John Herbert Quick (October 23, 1861 – May 10, 1925) was an American writer and politician.

Biography
Born October 23, 1861, near Steamboat Rock, Grundy County, Iowa, to Martin and Margaret Coleman Quick, he was afflicted with polio as a child. He married Ella Corey in 1890.

Quick established a law firm in Sioux City, where he practiced for 19 years. He also became a businessman and later served as one of the 27th Mayor of Sioux City, Iowa from 1898 to 1900. An historical marker, Herbert Quick Ravine, can be found in Sioux City. The plaque reads "Named in Memory of Herbert Quick.Statesman-Writer--Mayor of Sioux City-He Knew and Loved the Prairie'sof Iowa-1861-1925. (Historical Marker Database HMdb.org)

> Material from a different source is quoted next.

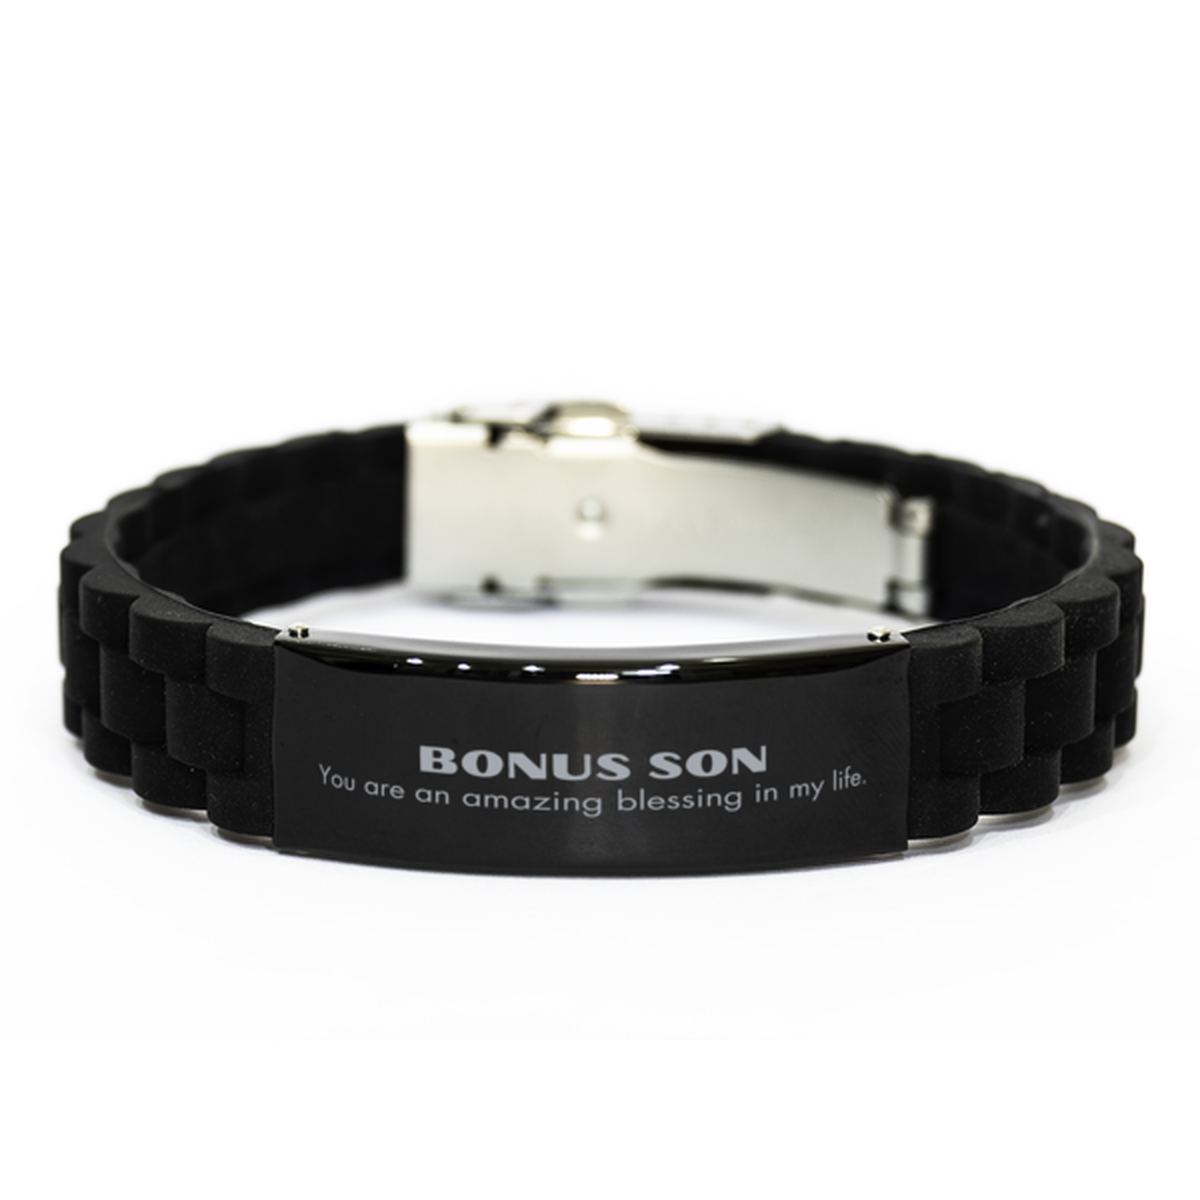 Bonus Son Black Glidelock Clasp Bracelet, You are an amazing blessing in my life, Thank You Gifts For Bonus Son, Inspirational Birthday Christmas Unique Gifts For Bonus Son

Among his 18 books are the historical romances Vandemark's Folly (1922), The Hawkeye (1923), and The Invisible Woman (1924). An early environmentalist, his best known non-fiction work was On Board the Good Ship Earth (1913). He also wrote an autobiography, One Man's Life (1925).

Quick's 1906 comic novel, Double Trouble, or, Every Hero His Own Villain was the basis for a 1915 silent film produced by D.W. Griffith, directed by Christy Cabanne, and starring Douglas Fairbanks in one of his earliest film roles.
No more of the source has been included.